Indeed, one minute we’re making polite chit-chat with an onion as goldfish swim around in its trousers; the next, listening to a man with a plate of eggs and bacon for a face reminisce about his childhood. We presume we’ve hit it off with Breakfast Head when we’re transported into his mind palace, where a mother bird nests peacefully with sentient eggs before presenting us with one filled with ‘Eggman’s Bacon Bits’.

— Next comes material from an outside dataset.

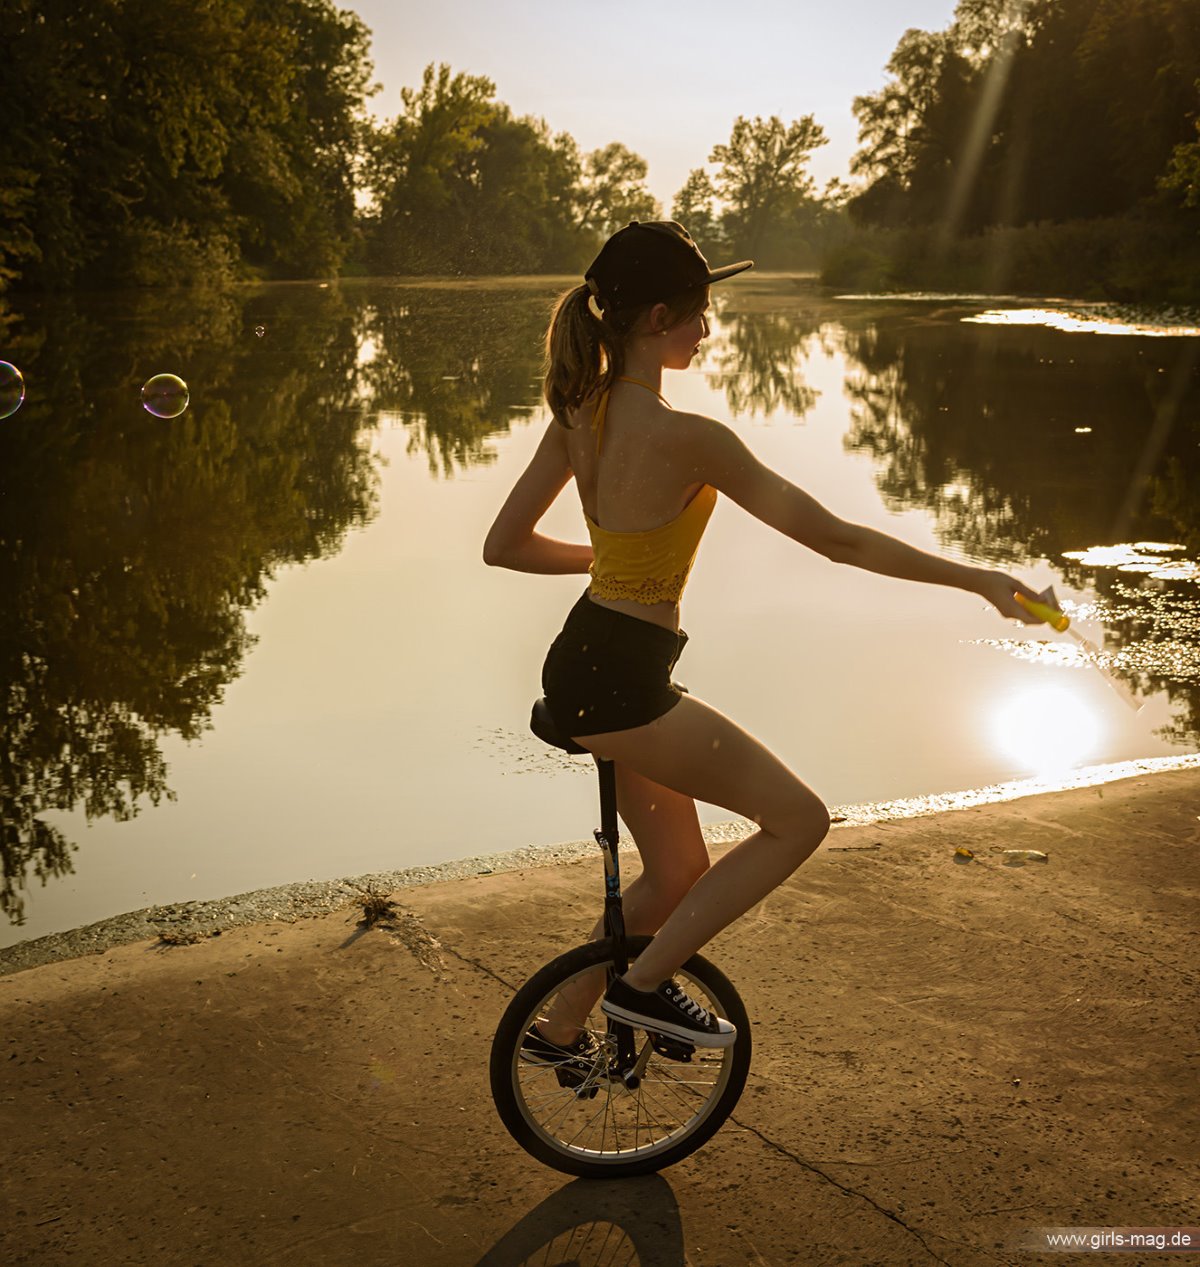 Girls Mag Annika Bubbles on a Unicycle 0098 4348756111.jpg

It gets weirder – and steadily more heartfelt. A girl split between dimensions is having trouble reconciling the different parts of herself with the overwhelming choices available to her: we hop up platforms in her head towards a starry sky to meet the pieces of her personality. Another guest pulls us into a maze of bookshelves. At the end stands a strange, inconsolable creature lamenting a lost relationship – it’s slightly silly, but with a tinge of pain. Some spaces are comforting, others unsettling; sometimes they are both. Puzzles are narrative riddles rather than brainteasers, a way to physically work though whatever abstract, often mundane difficulty the character is trying to navigate.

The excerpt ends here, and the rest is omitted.